5. Sequence analysis
The corresponding resistance-associated mutations were sequenced with designed specific primers: rpoB F (5′-GCGTCGGTCGCTATAAGGT-3′)/R (5′-ACGGGTGCACGTCGCG-3′); katG F (5′-CACACTTTCGGTAAGACCCA-3′)/R (5′-GAAACTGTTGTCCCATTTCG-3′); promoter of mabA-inhA F (5′-CGCTGCCCAGAAAGGGA-3′)/R (5′-TCCTCCGGTAACCAGGACTC-3′); and intergenic region of oxyR-ahpC F (5′-ACTGCTGAACCACTGCTTTGC-3′)/R (5′-TGATCGCCAATGGTTAGCAG-3′). The amplified DNA products were sequenced using the ABI Prism BigDye Terminator Kit on an ABI 3730 automated DNA sequencer (Cosmo Genetech, Seoul, Korea) and compared with sequences in the NCBI GenBank database.
6. Statistical analysis
All statistical analyses were performed using SPSS version 23.0 (IBM, Armonk, NY, USA). Sensitivity, specificity, and positive and negative predictive values, with 95% confidence intervals (CIs), were estimated. Detection of RIF and INH susceptibility by the QMAP system and REBA MTB-MDR assay was analyzed using the kappa coefficient: values of 0.75 and higher indicate especially good agreement.
RESULTS
1. Drug susceptibility of MTB clinical isolates by phenotypic DST
Of the 200 MTBC isolates, 46 (23.0%) were pan-susceptible to all four first-line anti-TB drugs (RIF, INH, ethambutol, and pyrazinamide). Of the 154 (77.0%) anti-TB drug-resistant isolates, 110 (71.4%) were RIF-resistant (only 10 RIF mono-resistant), and 144 (93.5%) were INH-resistant (44 INH mono-resistant). Of the 100 (64.9%) MDR-TB (RIF-resistant and INH-resistant) isolates, 18 (18.0%) were resistant to ethambutol and pyrazinamide.

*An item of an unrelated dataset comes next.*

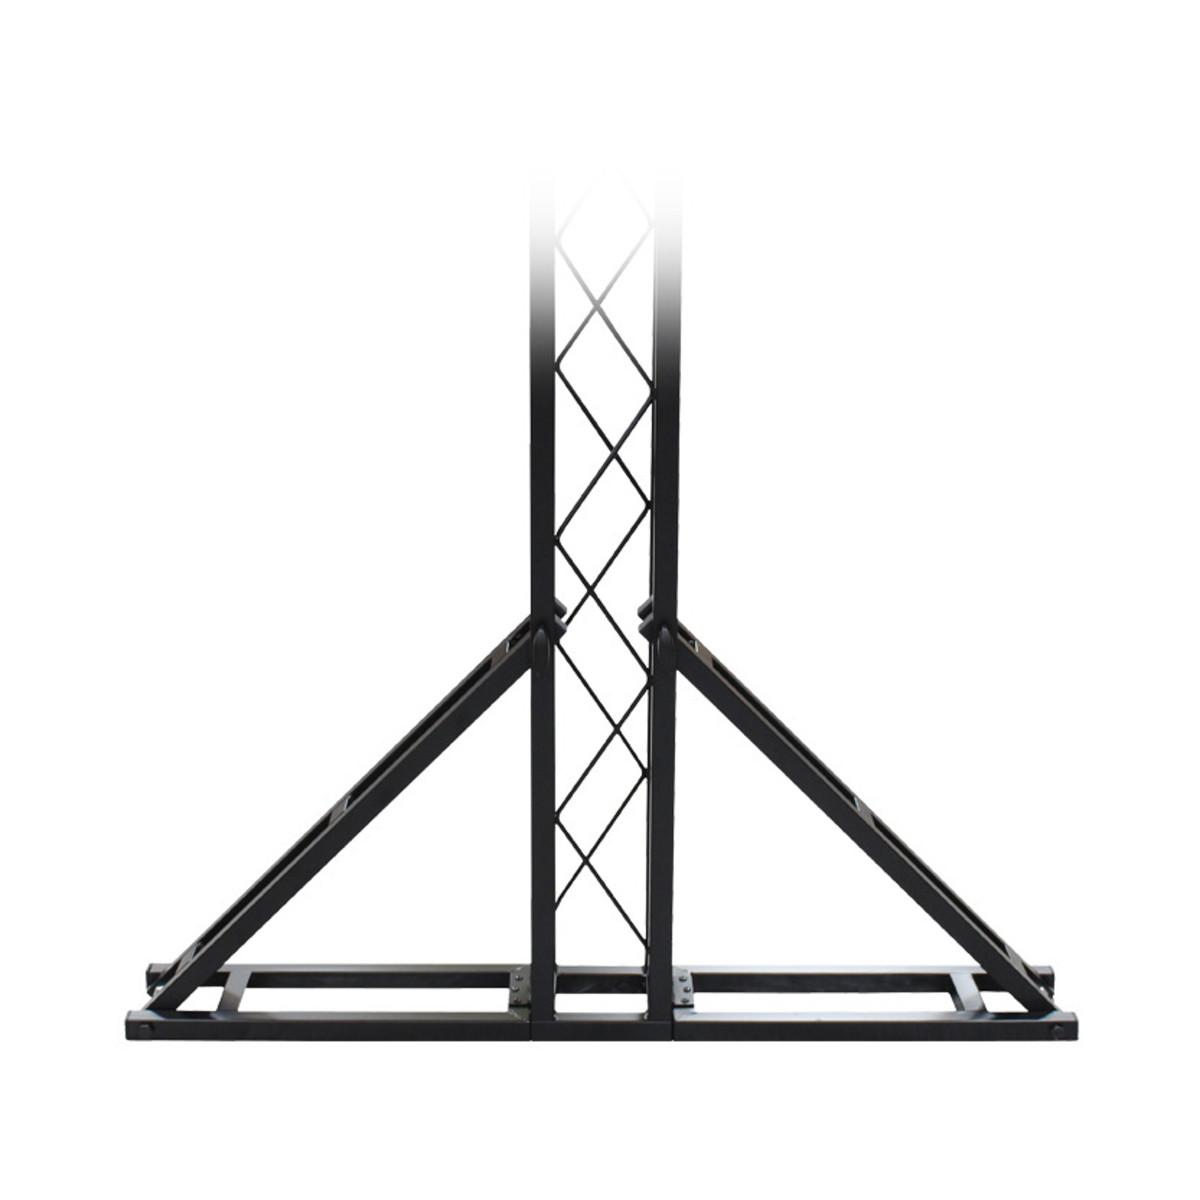 Equinox 3 X 2m Truss System Black At Gear4music

2. Detection of RIF resistance
The phenotypic DST and QMAP system results for 22 of the 200 MTBC isolates were inconsistent: 18 isolates were RIF-susceptible as per phenotypic DST, but had mutations as detected by QMAP, and four isolates determined to be RIF-resistant by phenotypic DST did not have any mutations as per the QMAP system. The overall agreement between phenotypic DST and the QMAP system was 89% (N=178; 95% CI: 0.8385–0.9268). The most frequently mutated rpoB codons were codons 531 [48.8% (62/127)], 524–529 [11.8% (15/127)], 530–534 [11.8% (15/127)], 516 [9.4% (12/127)], 514–520 [7.1% (9/127)], and 526 [5.5% (7/127)]. Mutation analysis of the RIF resistance-determining region (RRDR) for these 22 discrepant isolates revealed a 100% agreement rate between the QMAP system and DNA sequence analysis (Table 1).

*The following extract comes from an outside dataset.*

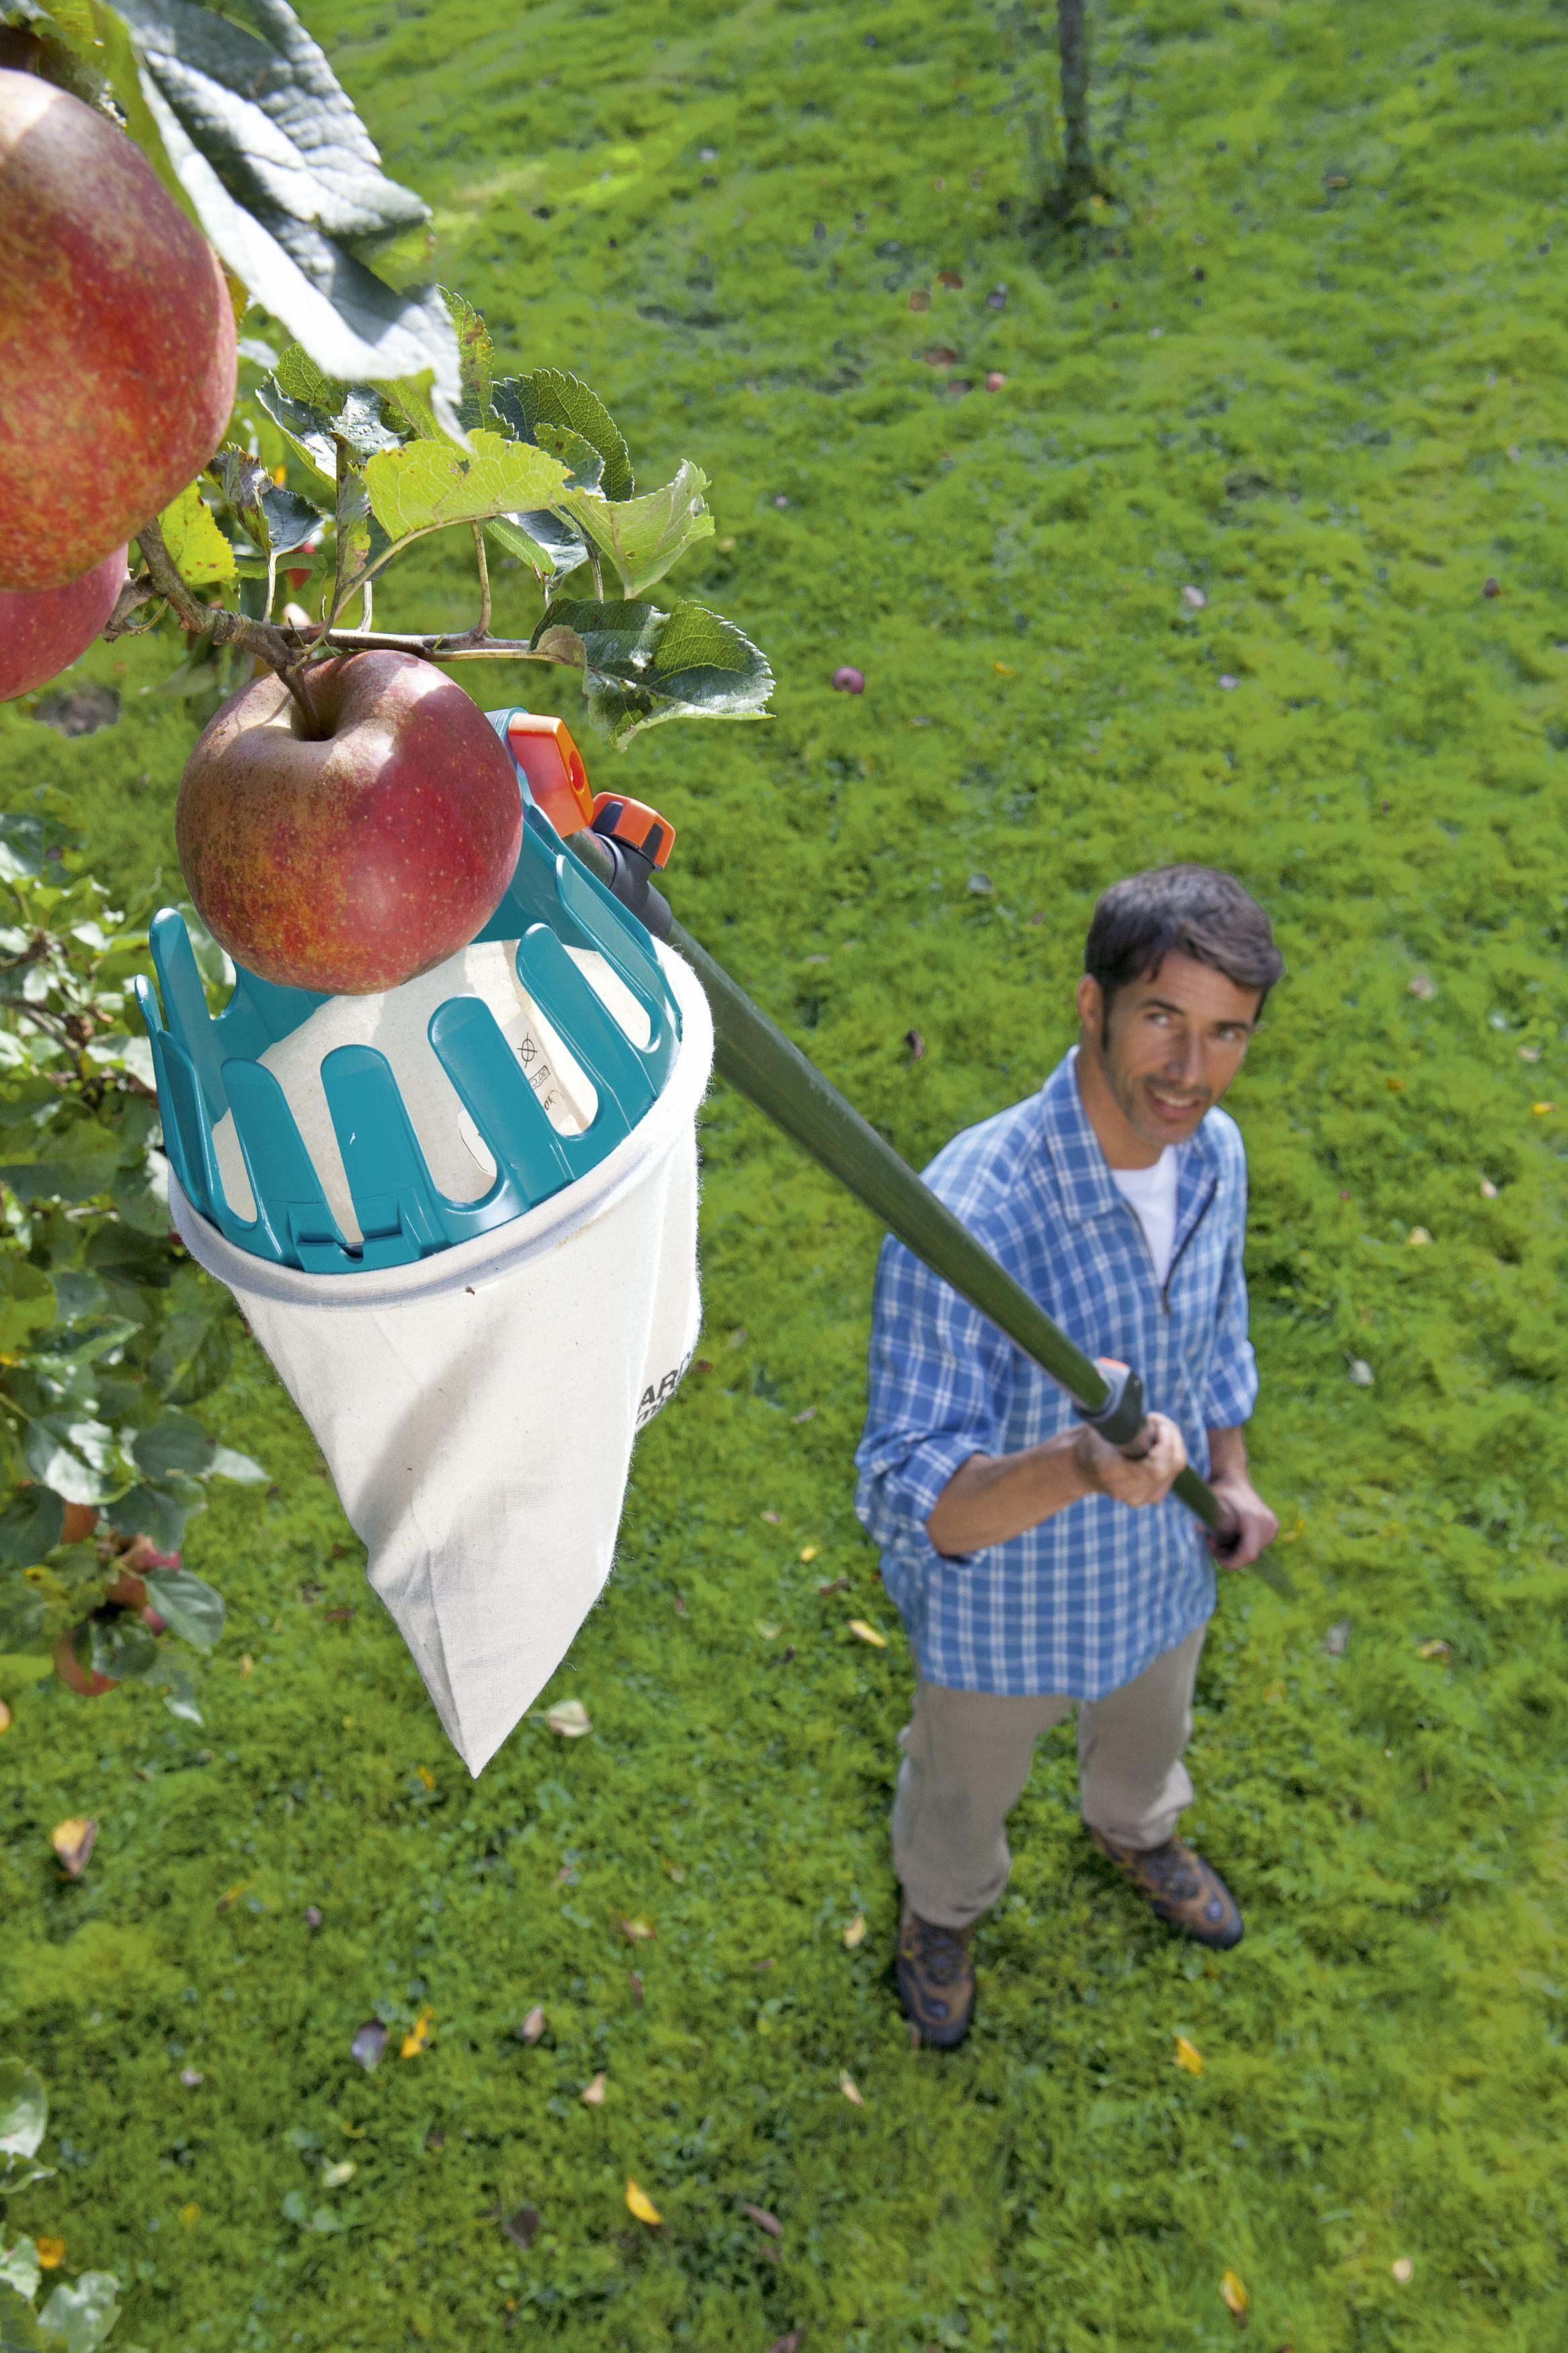 Fruitplukker gardena

3. Detection of INH resistance
The QMAP system demonstrated that 75.0% (108/144, 95% CI 0.6731–0.8139) of the phenotypically INH-resistant strains and 3.6% (2/56) of the phenotypically INH-susceptible strains had mutations or were missing WT probes in one or more of the three INH regions (katG, inhA, and ahpC). The most frequent mutation site was katG315 AGC-ACC (68.5%, 76/111), while 21.6% (24/111) of the INH-resistant strains harbored mutations in the promoter region of mabA-inhA. Most of the mutations were observed at position -15 (C-15T; 95.8%, 23/24). Two strains susceptible to INH by phenotypic DST were identified as INH-resistant by QMAP, as there were losses in katG and ahpC WT bands. Sequence analysis confirmed the mutations in katG codon 315 and the ahpC promoter region. Additionally, 36 (25.0%) INH-resistant isolates by phenotypic DST were susceptible to INH as per the QMAP system and sequence analysis (Table 2).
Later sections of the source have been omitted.